_Problem to solve_
Within the lines below, the span from the line with "Set de table" to the line with "Kawaii Anime: Adorable", both ends included, is to be reproduced exactly, with pictures omitted.

_Data_
■ ■ ■ ■ ■ ■ ■
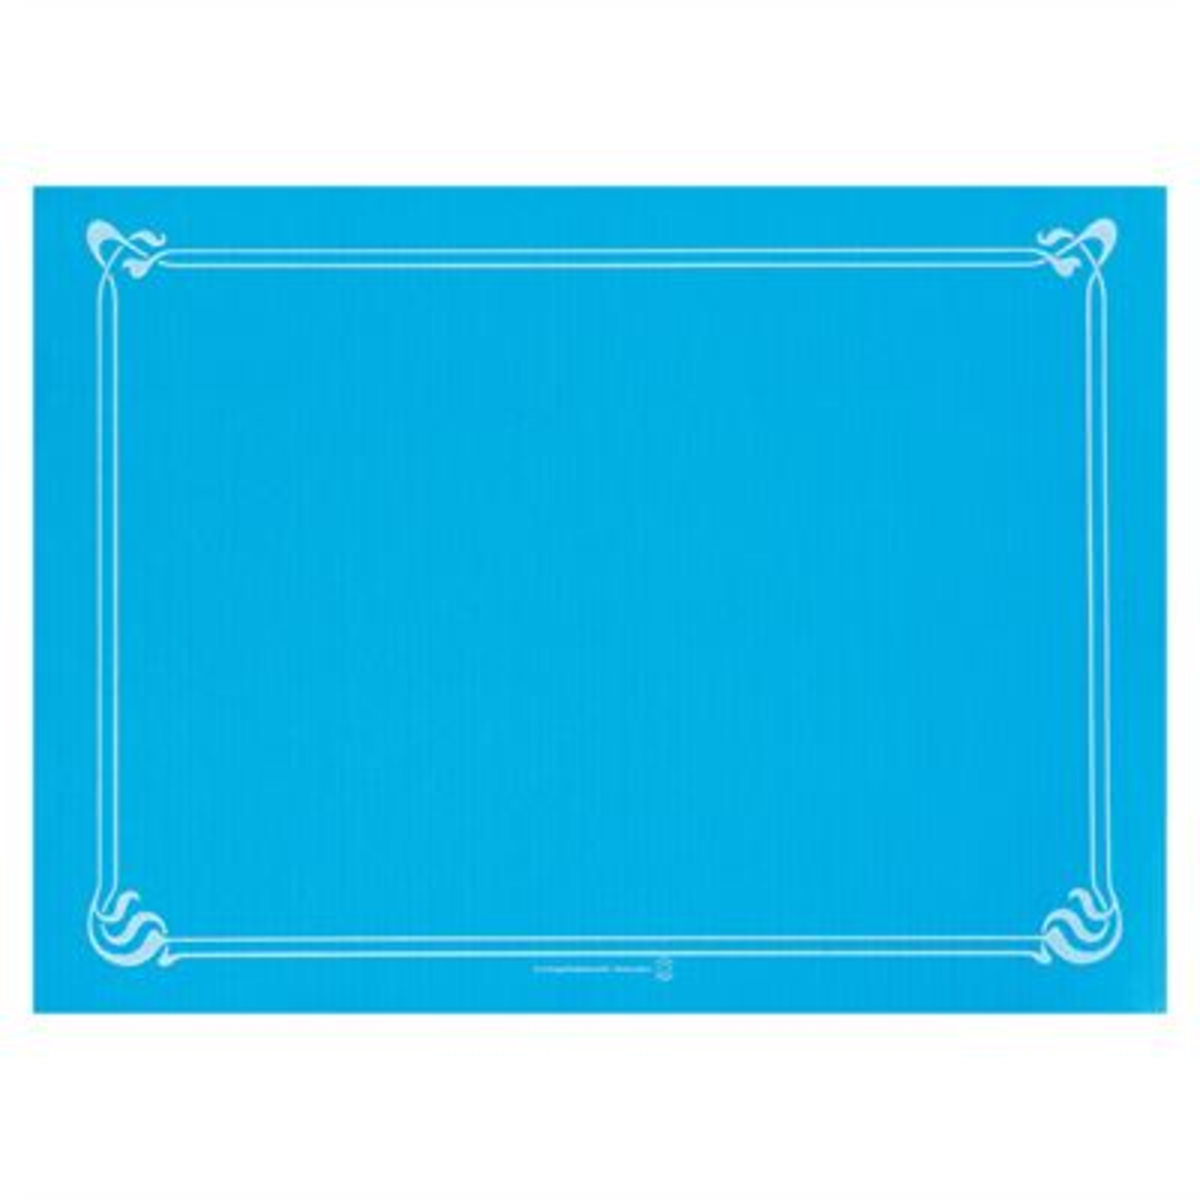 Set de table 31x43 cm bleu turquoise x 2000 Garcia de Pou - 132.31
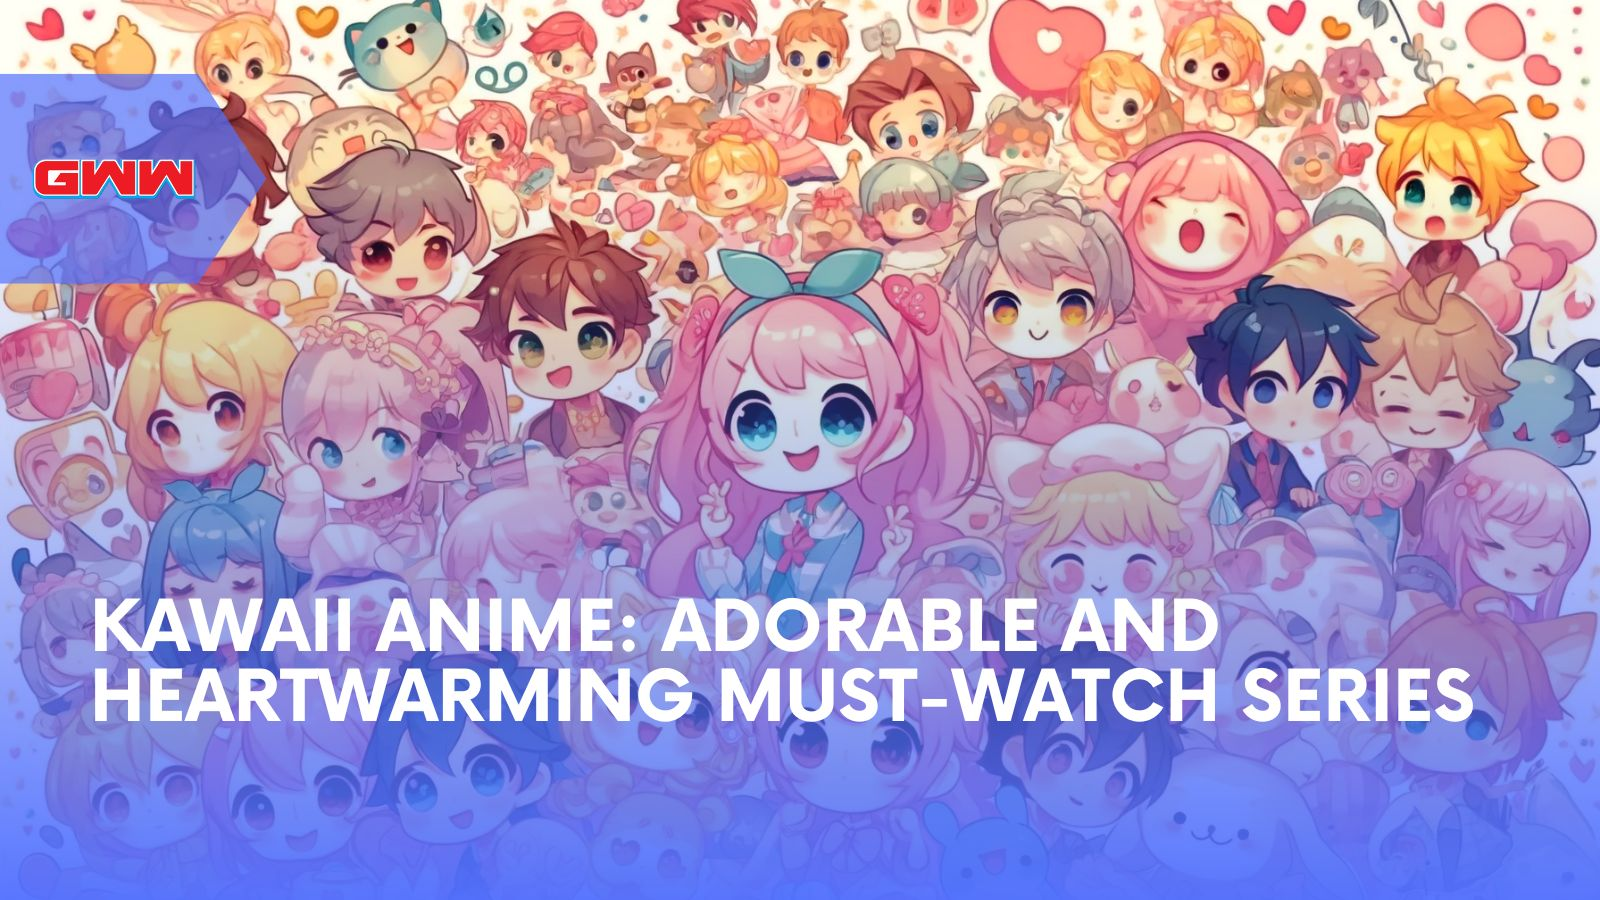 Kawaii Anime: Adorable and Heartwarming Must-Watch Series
■ ■ ■ ■ ■ ■ ■
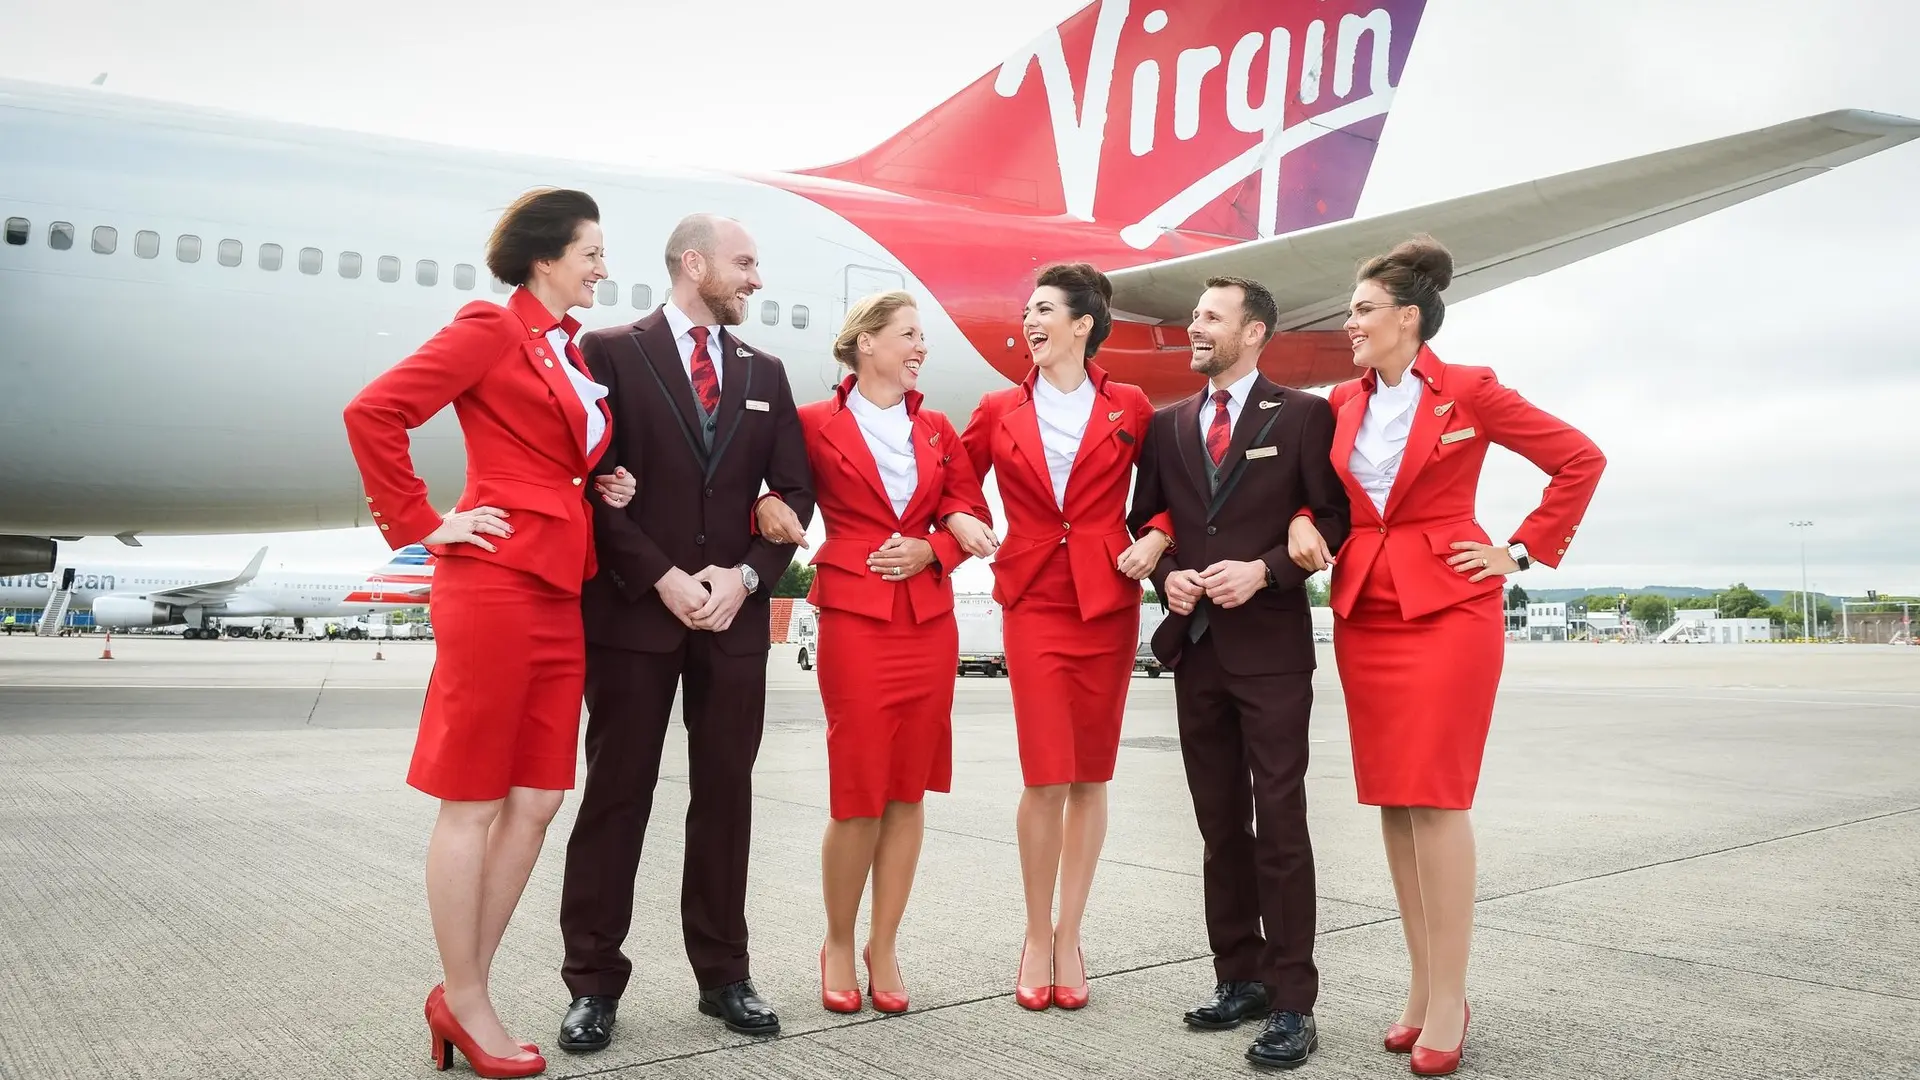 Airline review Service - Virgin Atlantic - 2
■ ■ ■ ■ ■ ■ ■
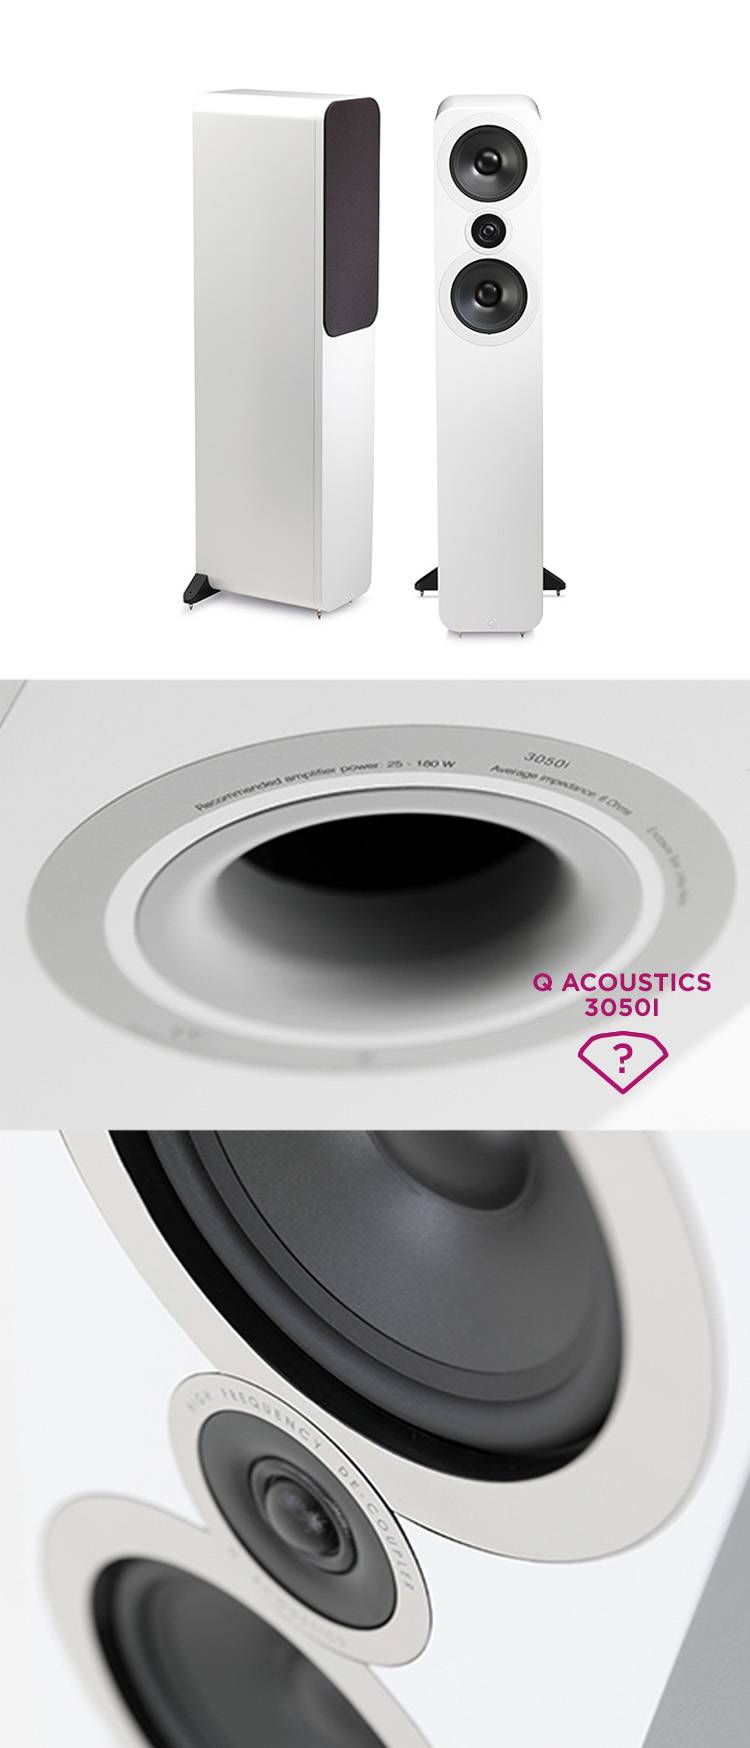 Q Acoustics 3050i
■ ■ ■ ■ ■ ■ ■
_Exercise result_
 Set de table 31x43 cm bleu turquoise x 2000 Garcia de Pou - 132.31
 Kawaii Anime: Adorable and Heartwarming Must-Watch Series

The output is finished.